Per Milos, il passaggio è un tiro. Per gente come Lull, Larkin, James, Micic, De Colo… e Vassilis, il tiro è il tiro. Nel finale si prende palla in mano, si va di isolamento, e tanti saluti. Il basket moderno lo permette, perchè le percentuali da fuori sono cresciute, perchè con la preparazione c’era anche chi, Steph Curry, vinceva le gare da centrocampo.

Il difensore lo sa, e non può aggredire come in passato: si rischia il fallo. Quindi tre tiri. Però occhio, fermiamoci qua. Stiamo raccontando una storia diversa.

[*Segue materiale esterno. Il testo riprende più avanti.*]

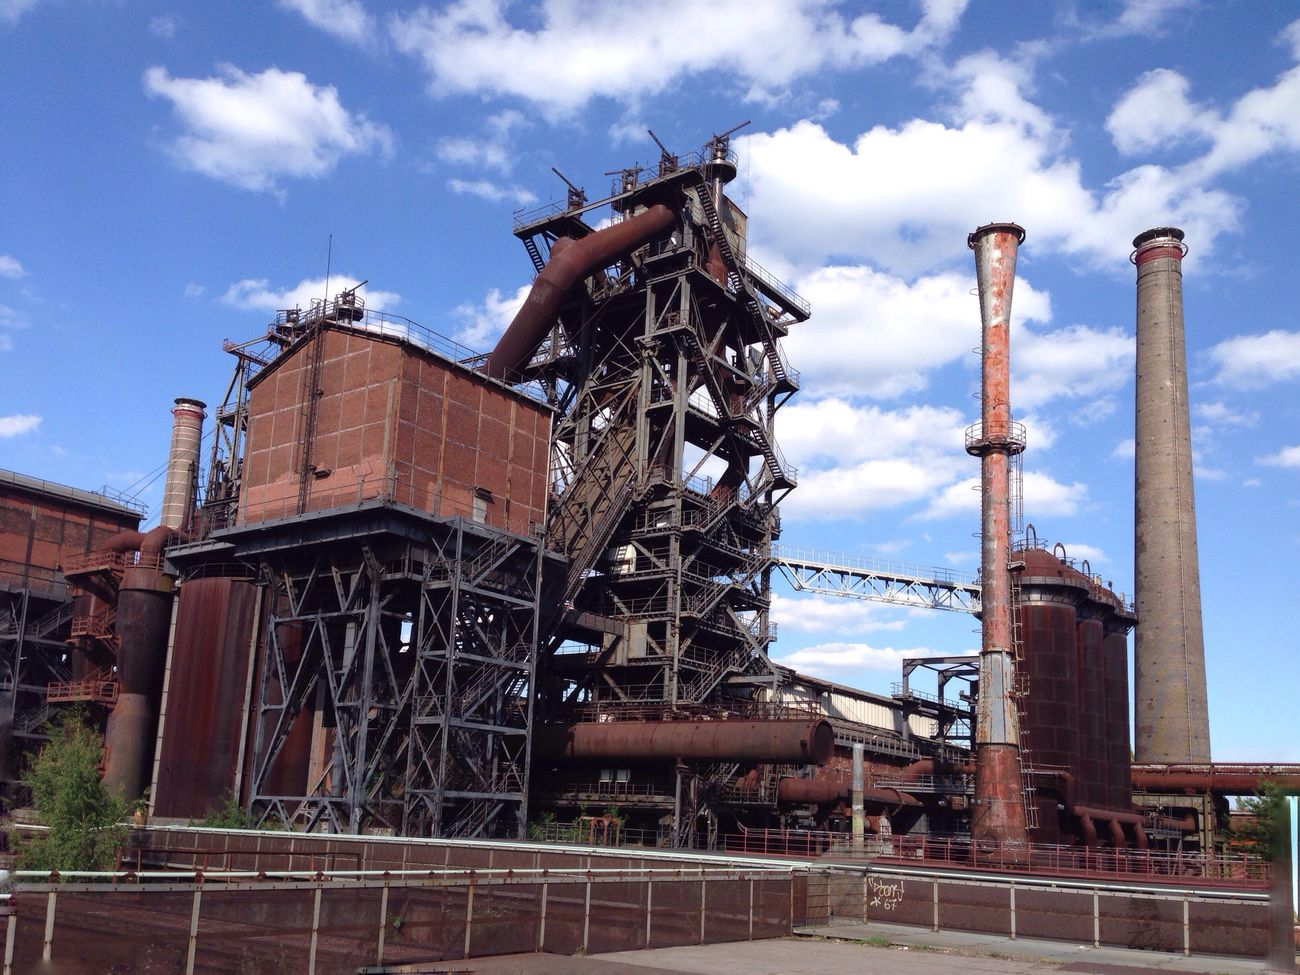 Landschaftspark Duisburg-nord Industry Industry Factory Cloud - Sky Day Built Structure Outdoors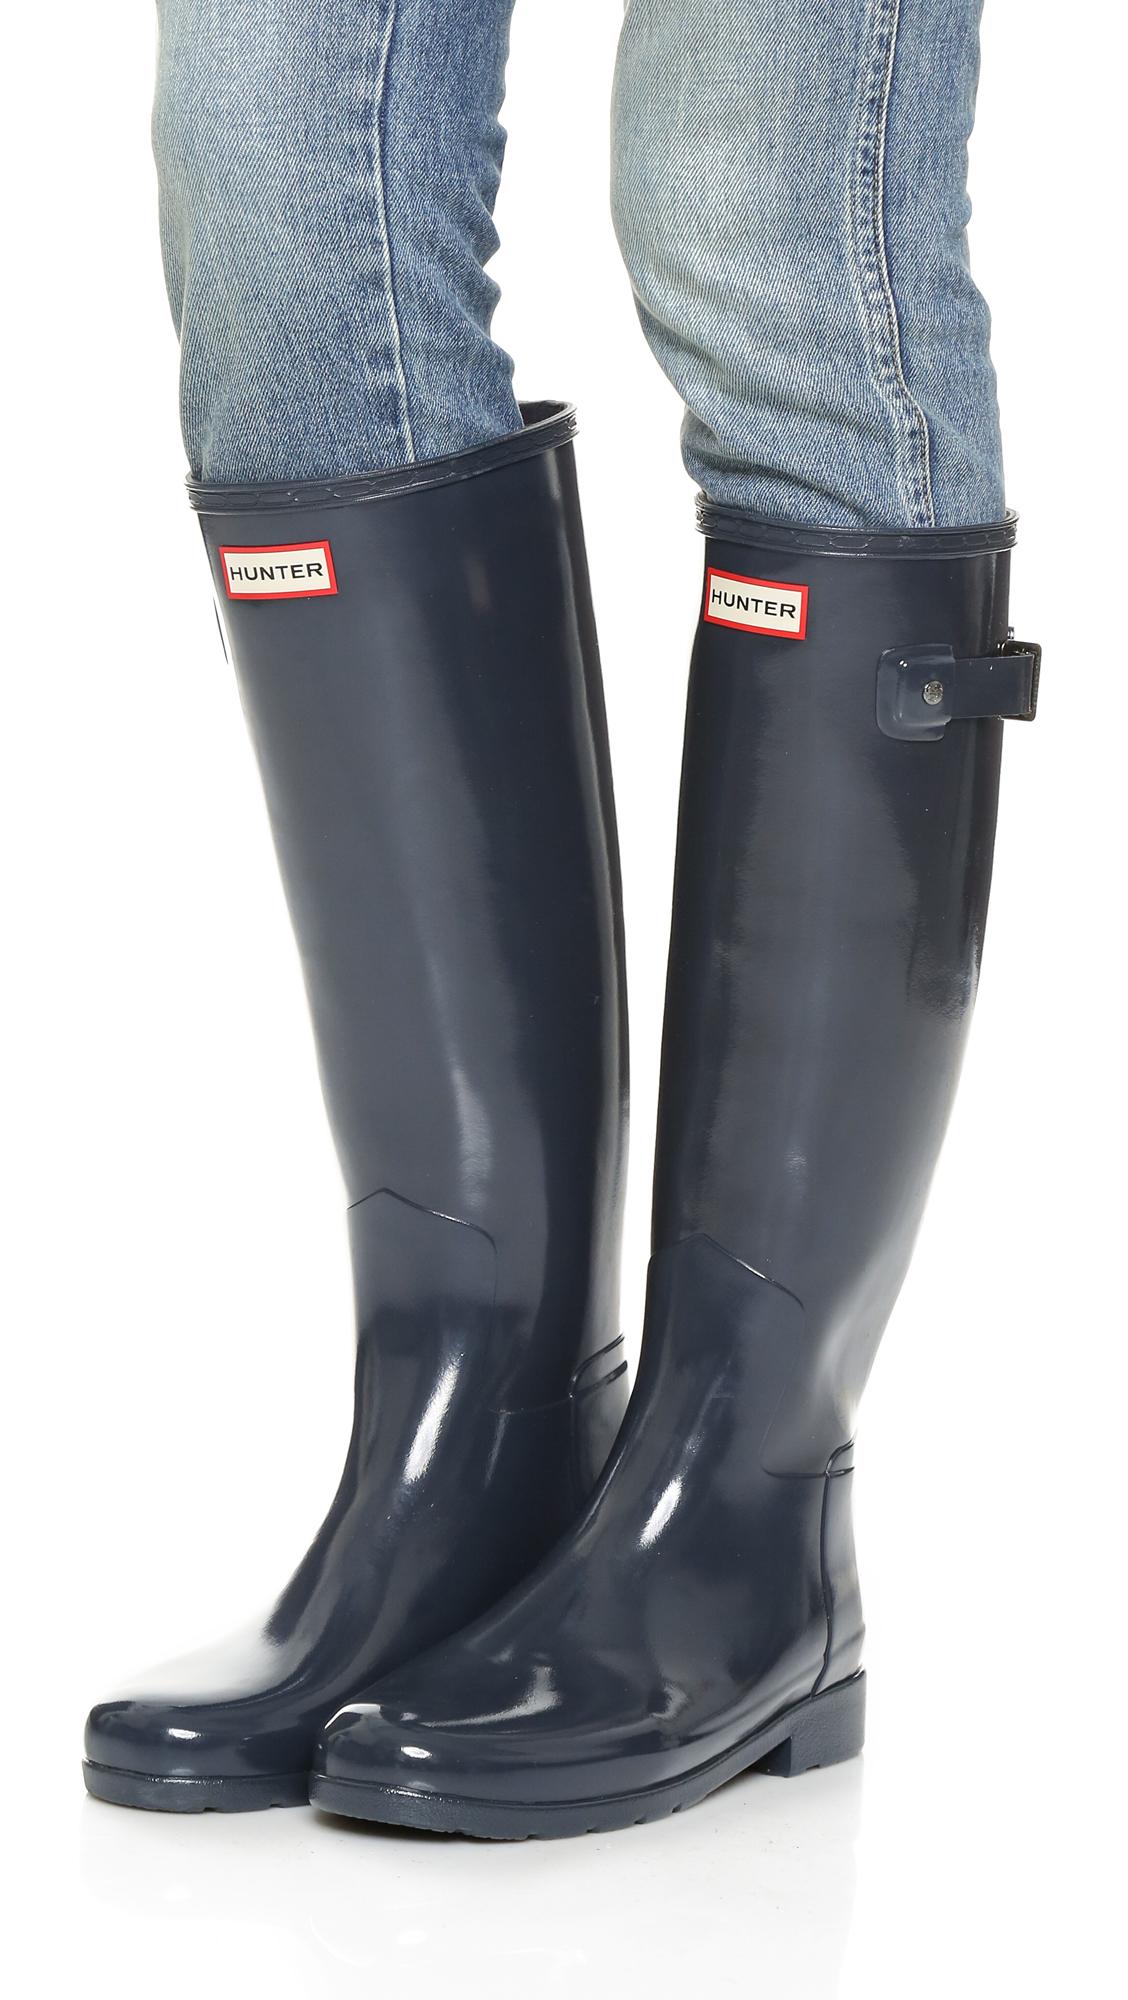 c7052a4a22a55 Lyst - HUNTER Original Refined Gloss Boots in Blue

Al Sinan Erdem, Vassilis, semplicemente e come detto, ferma il tempo. Dopo un errore, anzi due, di Siskauskas, chiunque avrebbe avuto foga. Non lui. Guardate la velocità con cui chiede palla, con cui vola verso la metàcampo avversaria, con cui attacca l’uomo.

Nel momento più importante della sua carriera, chiave, quel che dice se sarà un vincente o un perdente, Vassilis costruisce, non esegue. In quel momento pensa solo all’estate di un compagno, che in palestra, dopo i fallimenti NBA e con Malaga, aveva costruito la Petaktari.

E allora, Kyle Hines taglia per evitargli la pressione a tutto campo di Shved, poi converge su di lui in punta lasciandogli possibilità di ingresso solo da sinistra. 

Teodosic non crede nello scarico verso Mantzatis sul lato forte e fa bene, Krstic invece che retrocedere resta in punta su Hines, e allora è Kirilenko a dover convergere verso la mezzaluna per chiudere un facile appoggio a KillBill.

Chiunque, lì, sarebbe collassato. Non Vassilis, che sà che da mesi che, in quell’angolo, c’è un compagno che aspetta quel tiro. Un compagno che, da quel giorno, dirà: «io, all’Olympiacos, sarò sempre e solo il numero due». Vassilis Spanoulis, poche settimane fa ha fatto un passo indietro. Per noi, nulla sarà come prima. Perchè nulla sarà come lui.